- _DATASET_:
"""

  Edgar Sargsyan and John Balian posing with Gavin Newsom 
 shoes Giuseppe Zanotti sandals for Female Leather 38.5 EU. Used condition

"""
"""

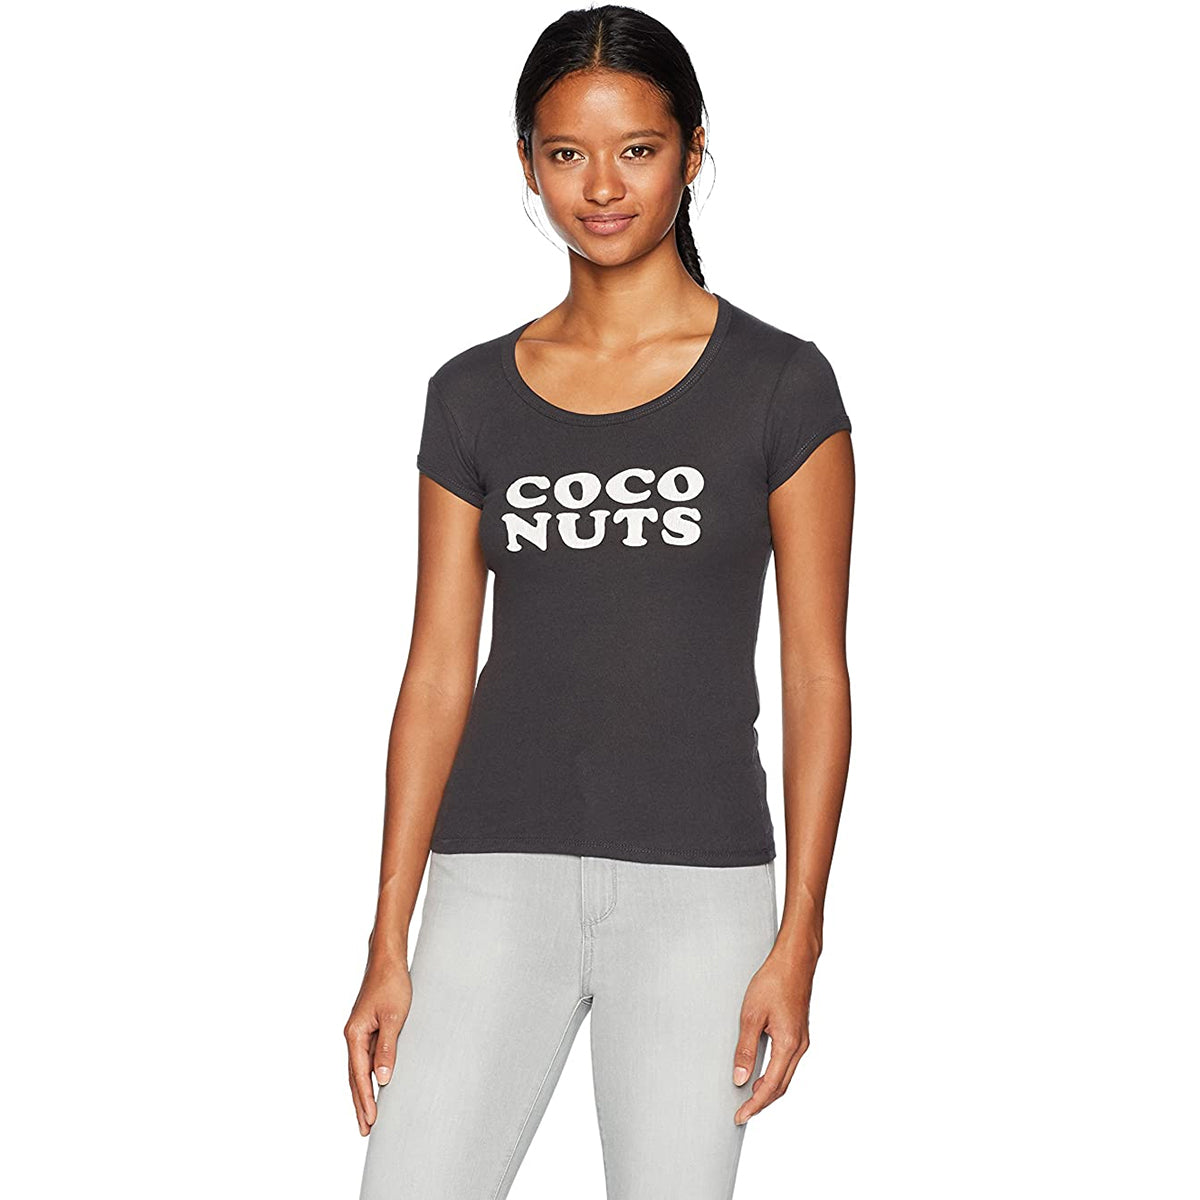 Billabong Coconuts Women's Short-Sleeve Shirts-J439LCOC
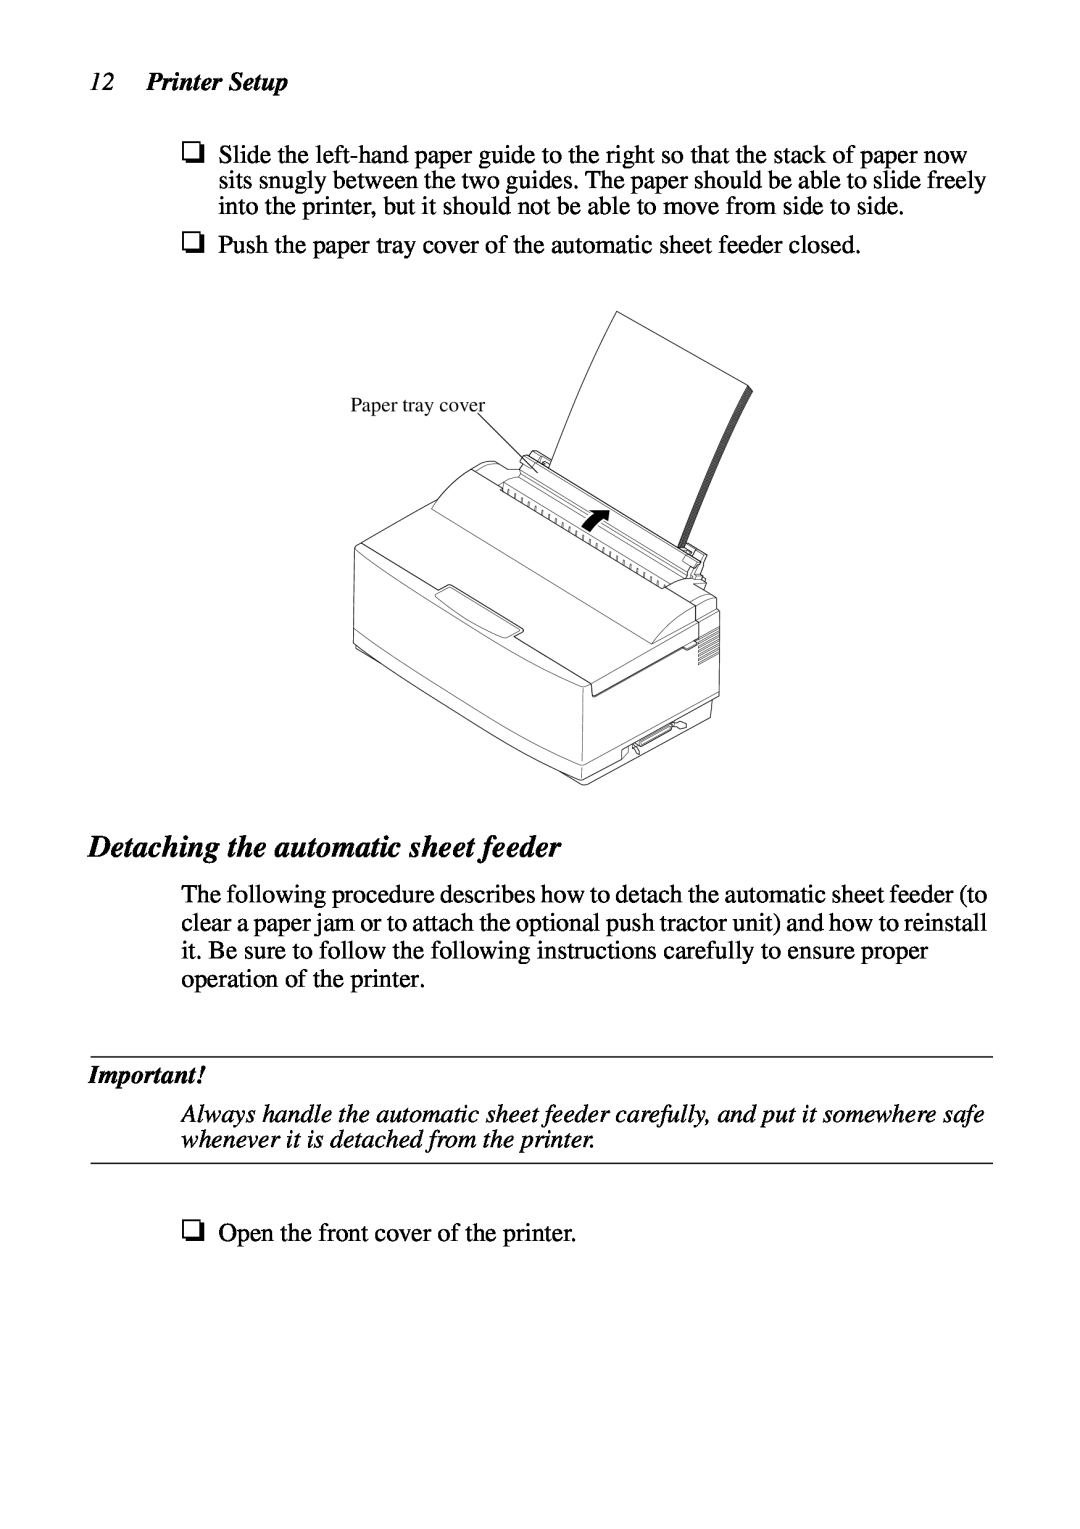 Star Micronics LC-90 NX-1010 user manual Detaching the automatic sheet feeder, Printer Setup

"""
"""

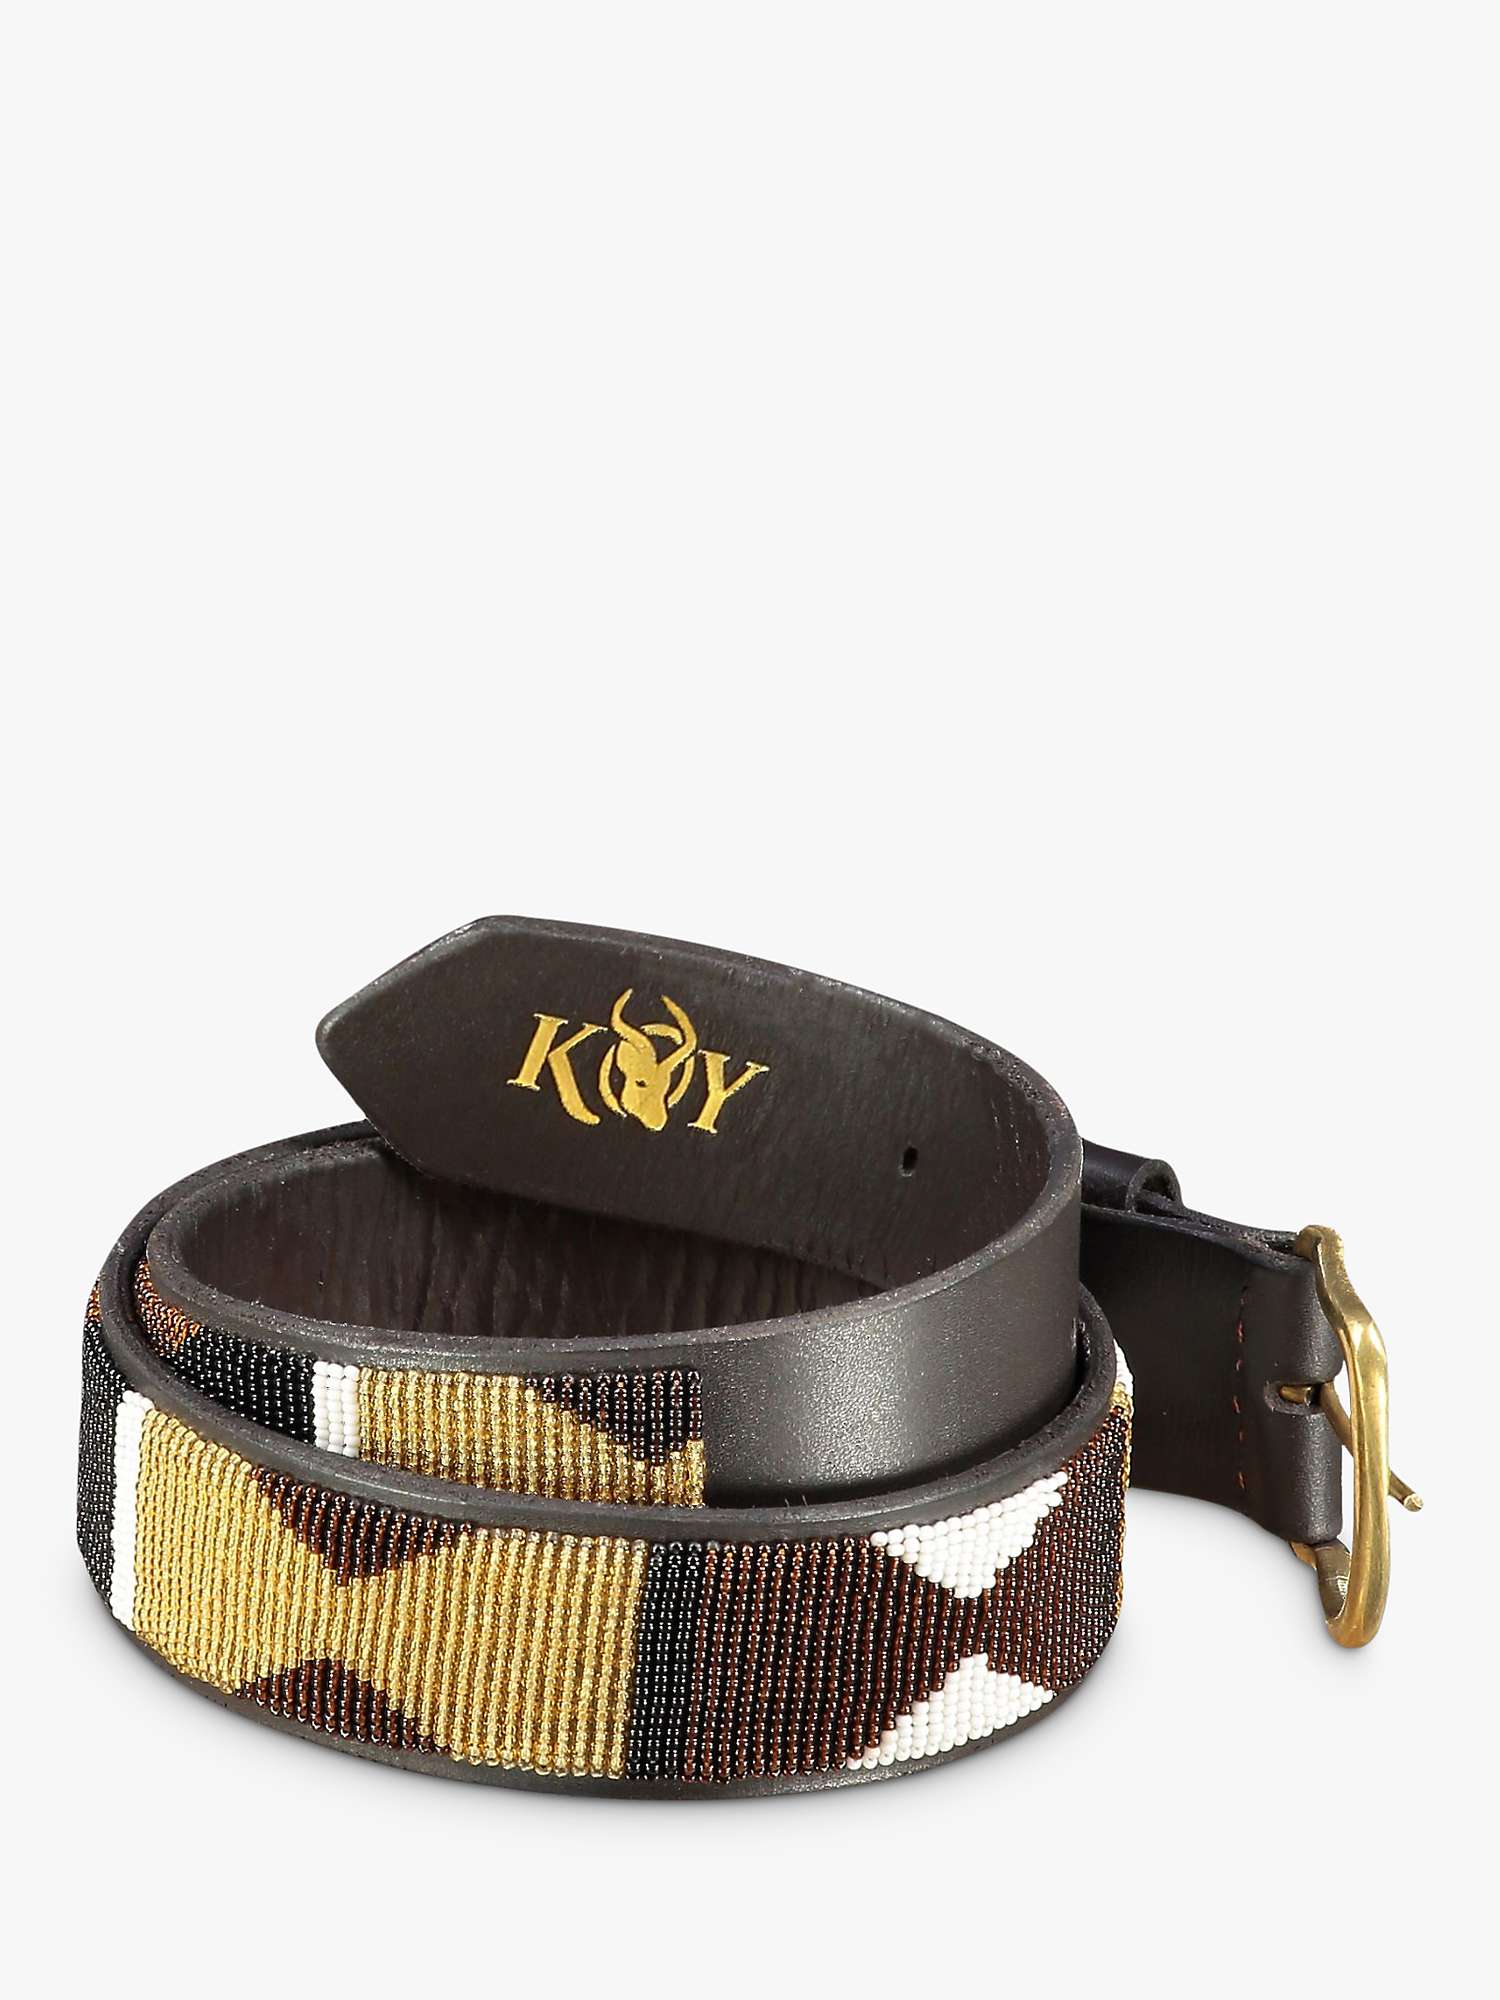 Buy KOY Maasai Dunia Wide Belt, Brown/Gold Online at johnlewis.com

"""

- _PROBLEM REQUIREMENTS_:
Begin with the line that has "Edgar Sargsyan and" in the listing above and end after the line that has "shoes Giuseppe Zanotti"; output those lines exactly.

- _TASK SOLUTION_:
  Edgar Sargsyan and John Balian posing with Gavin Newsom 
 shoes Giuseppe Zanotti sandals for Female Leather 38.5 EU. Used condition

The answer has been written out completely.